◆ Exercise requirements
Pictures excluded, retype the lines from the one containing "Encystment t-shirt" through the last line of the data below, both included.

◆ Data provided
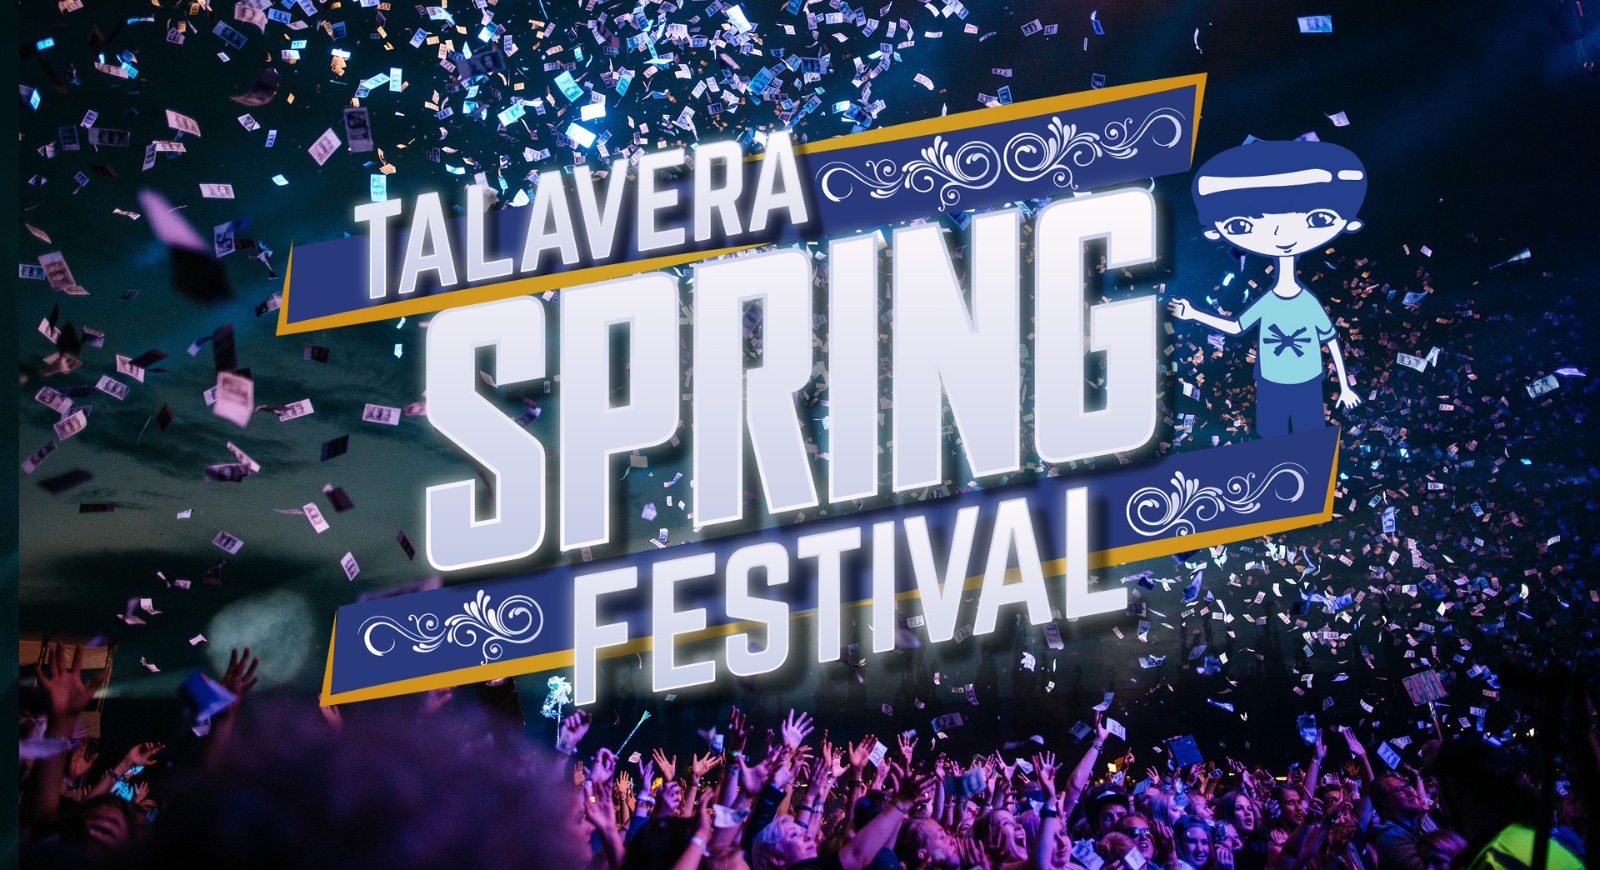 Talavera Sping Festival
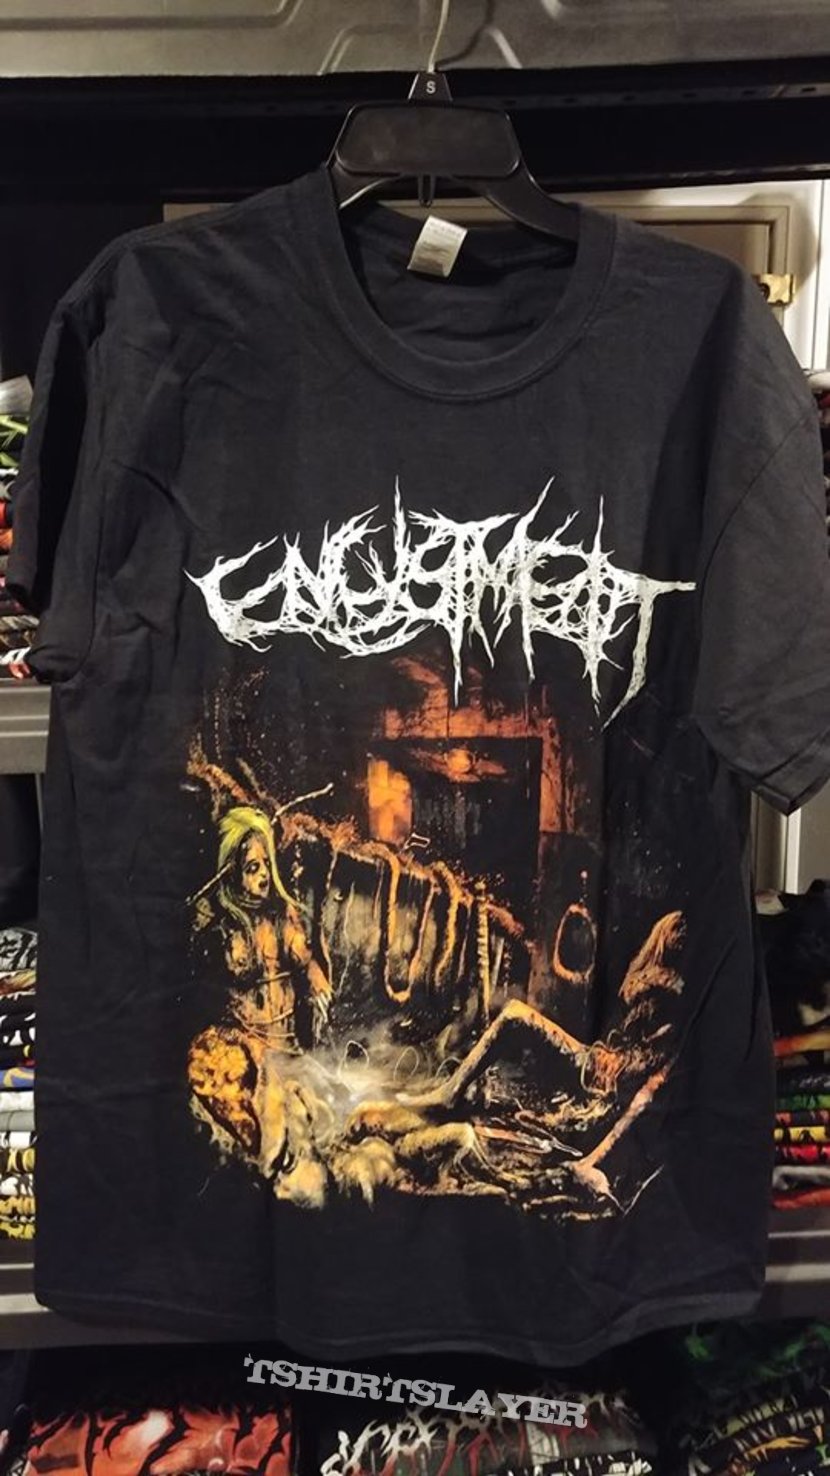 Encystment t-shirt
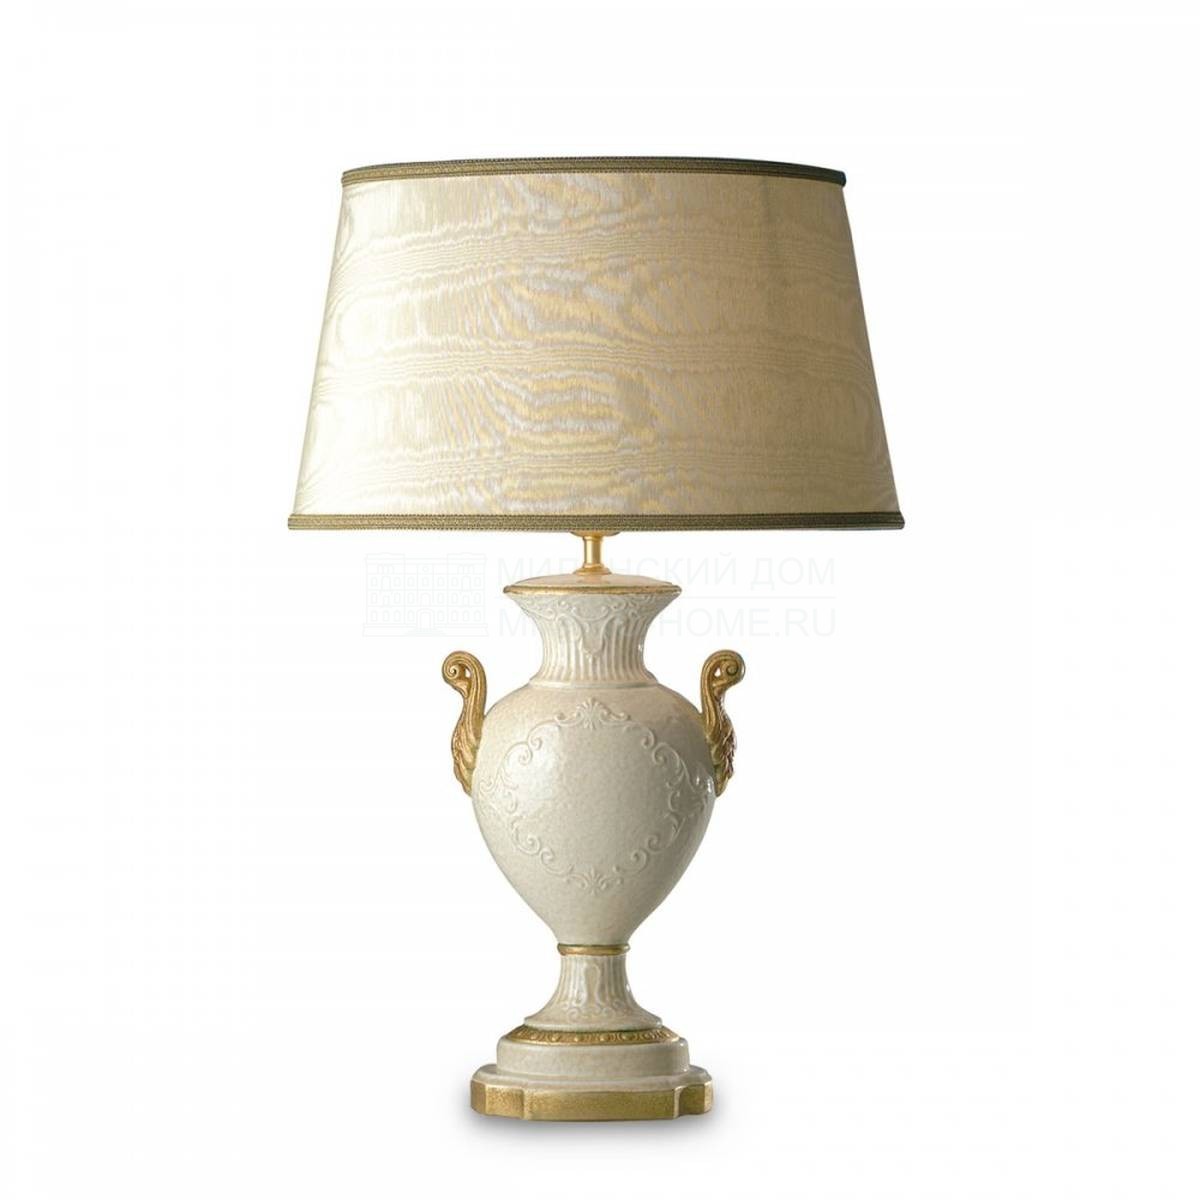 Настольная лампа Elba table lamp из Италии фабрики MARIONI

◆ Result for this task
 Encystment t-shirt
 Настольная лампа Elba table lamp из Италии фабрики MARIONI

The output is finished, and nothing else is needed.